Inside the gleaming and high-ceilinged ballroom of the Skylight Hotel, on Africa Avenue (Bole Road), a delayed press conference became a window into the uneasy electral process today, June 1, 2026.
Melatwork Hailu, chief of the National Election Board of Ethiopia (NEBE), stepped to the microphone after two postponements this morning, carrying figures larger than administrative routine. The seventh national election was proceeding, but under the weight of security fears, digital confusion, uneven observation and the sheer logistics of managing a vote across a vast country.
Out of 50,964 polling stations nationwide, Melatwork reported that 50,158 opened on time. Another 659 overcame morning problems and opened within the hour. But 143 polling stations never opened at all, judged too dangerous for voters and officials because of imminent security risks.
Four more were forced to shut down during voting after gunfire or threats breached the perimeter. Behind those figures stood stark human loss. In Enemor Polling Station, Melatwork confirmed, a local NEBE logistics chief was killed in a motorcycle accident while rushing to deliver voting materials.
"The process is moving forward," Melatwork said, noting that out of 359,000 deployed NEBE officials, 350,000 had reported to their posts.
However, beyond the polished marble of the capital, the day was already dividing into two narratives. One was civic participation, visible in long queues and officials trying to keep order. The other was of disruption, confusion and violence, exposing the frailty of the institutional project NEBE is trying to defend.
By midmorning, the early stillness of Addis Abeba had given way to the familiar hum of movement. Roads that had been quiet began to fill with minibuses, high-capacity buses and taxis, carrying voters and workers through the capital and nearby areas such as Koye Feche. But the calm traffic did not mean a frictionless vote.
At Shalla Park polling station in Bole area, many voters, particularly those who had registered digitally, struggled to cast ballots.
According to election officials, some arrived without knowing their designated polling station. Others, after registering online, turned up at random stations and were denied service once officials confirmed they had been assigned elsewhere. They were instructed to go to their proper locations.

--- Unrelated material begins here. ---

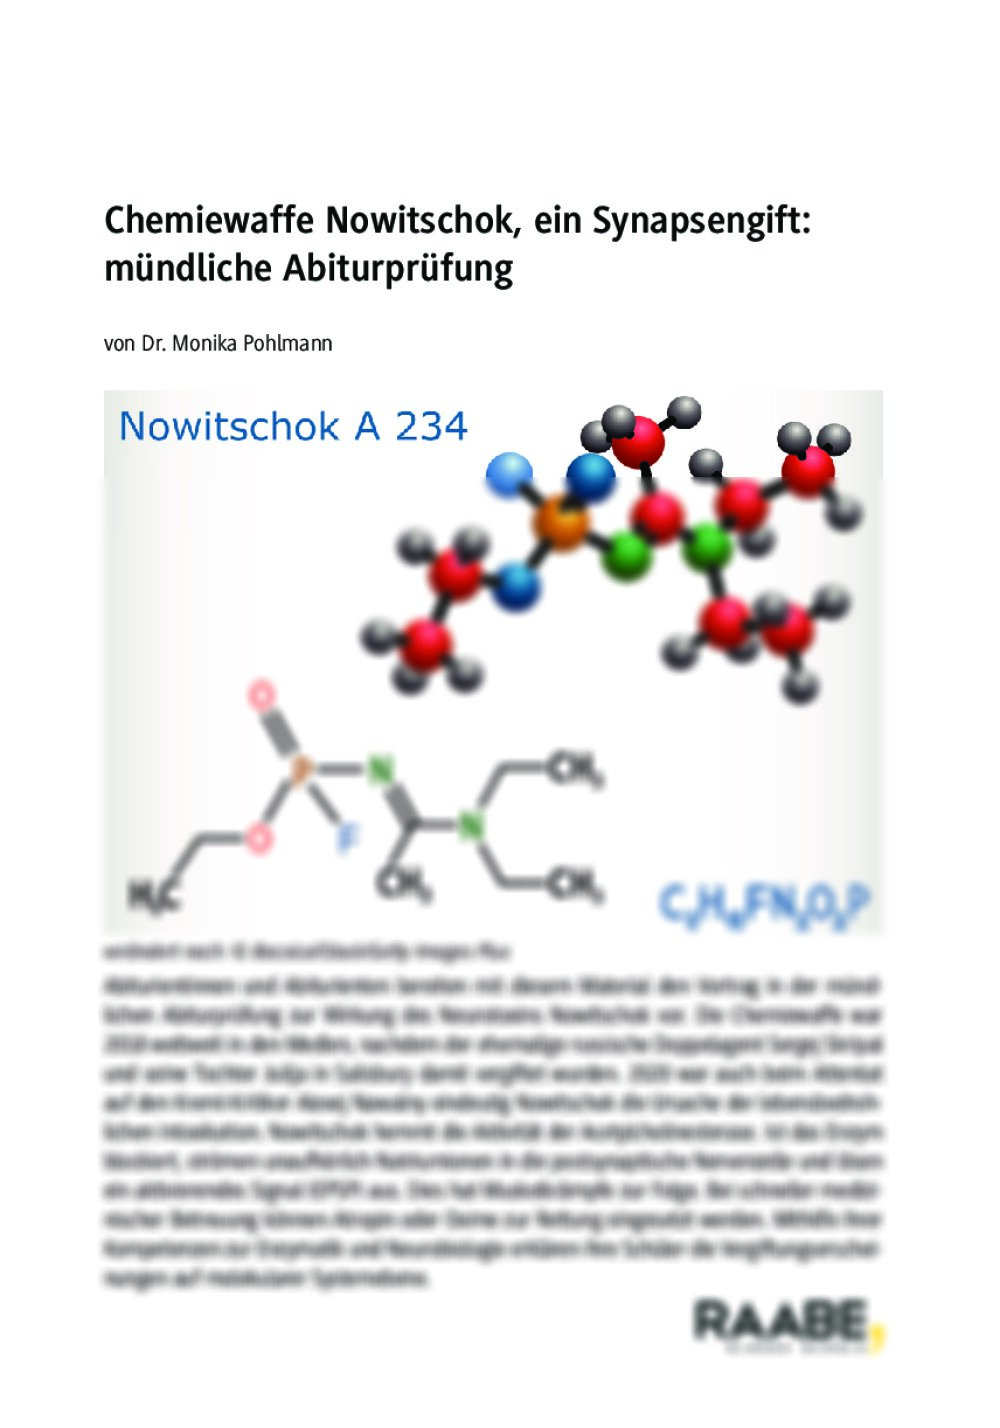 Mündliche Abiturprüfung: Chemiewaffe Nowitschok, ein Synapsengift - Seite 1
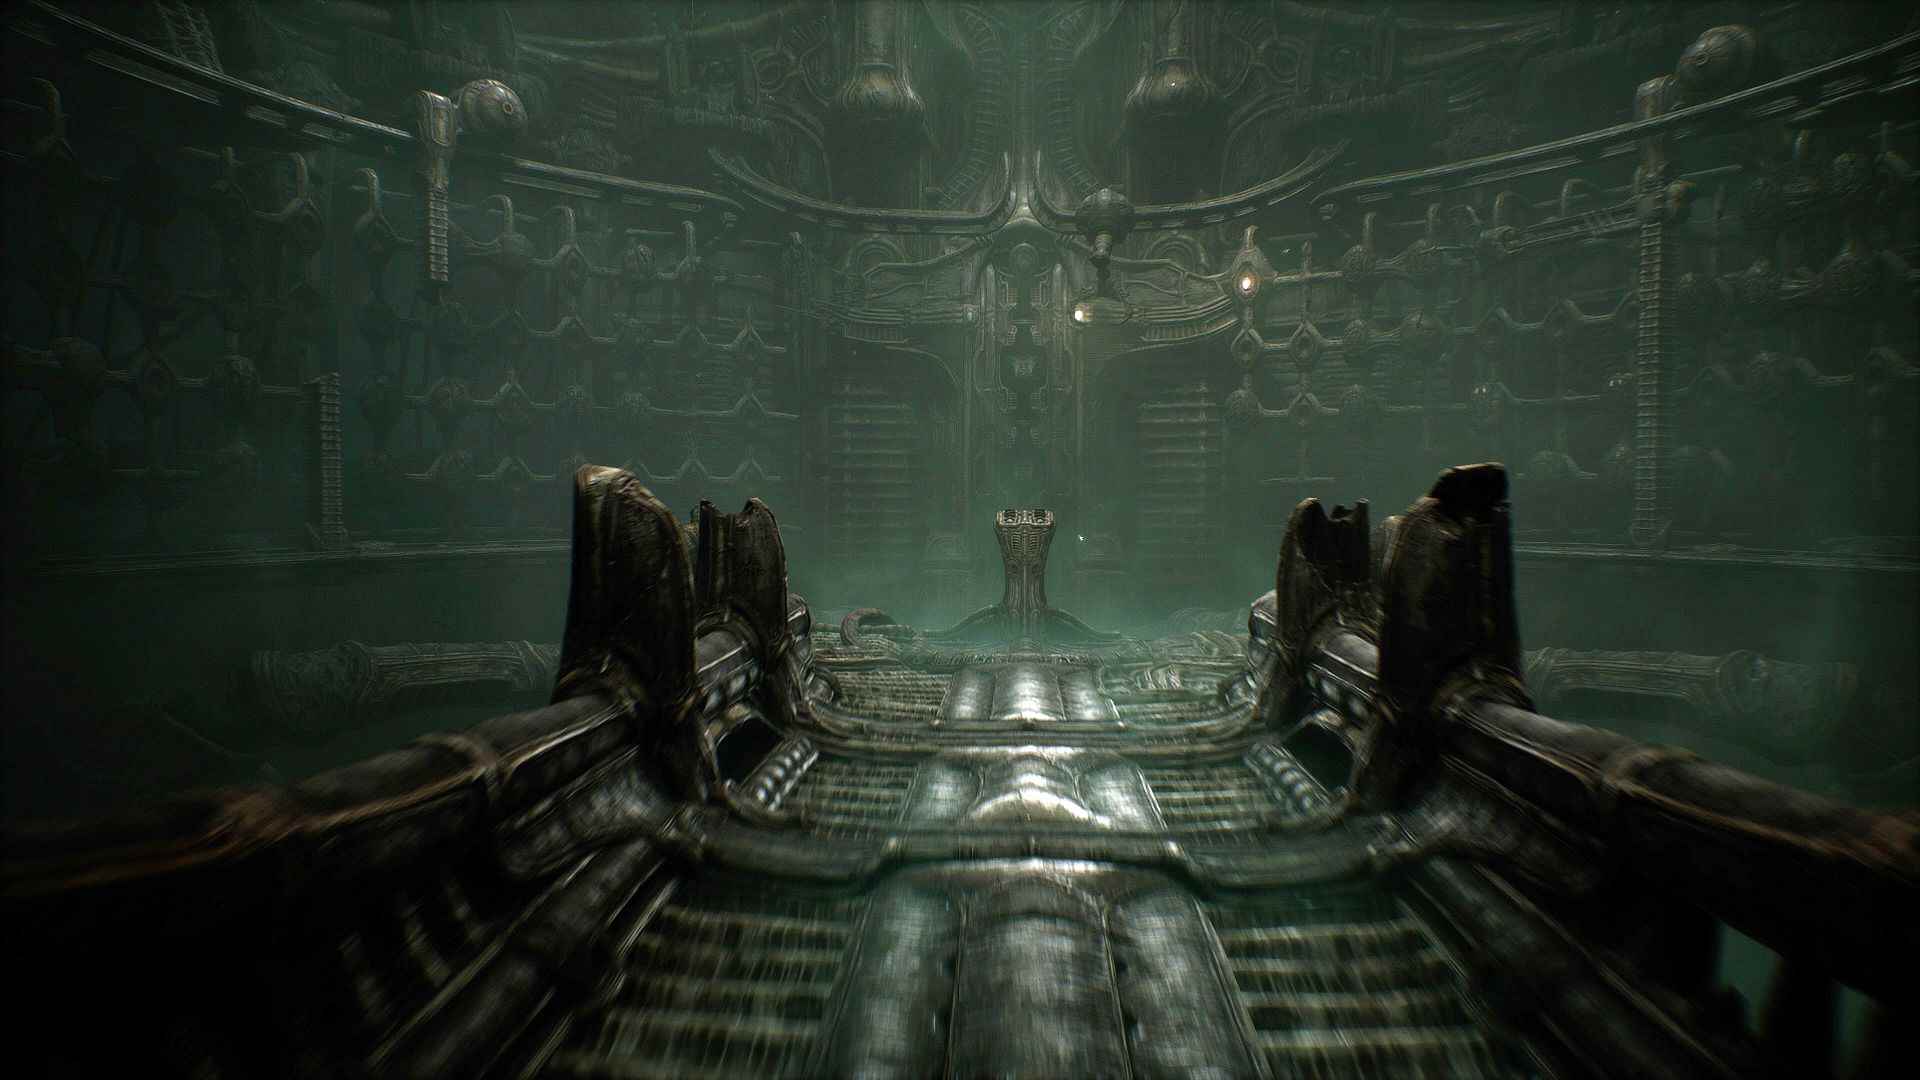 Scorn, harika bir Alien oyunu olabilir: vinç mekaniği ve kontrol paneli olan devasa bir yumurta odası

Some had begun the online registration process but had not completed it, leaving them ineligible. Several waited for extended periods while trying to verify their status, and some said their mobile phones had run out of battery, preventing access to digital registration details.
Voters who had lost their identification cards also encountered difficulty, though officials helped by searching registration records and facilitating participation when details could be verified. Workers arriving from jobs, including hotel employees and drivers, asked to be allowed to vote first before returning to work. Officials refused, directing them to join the regular queue. Some left without voting.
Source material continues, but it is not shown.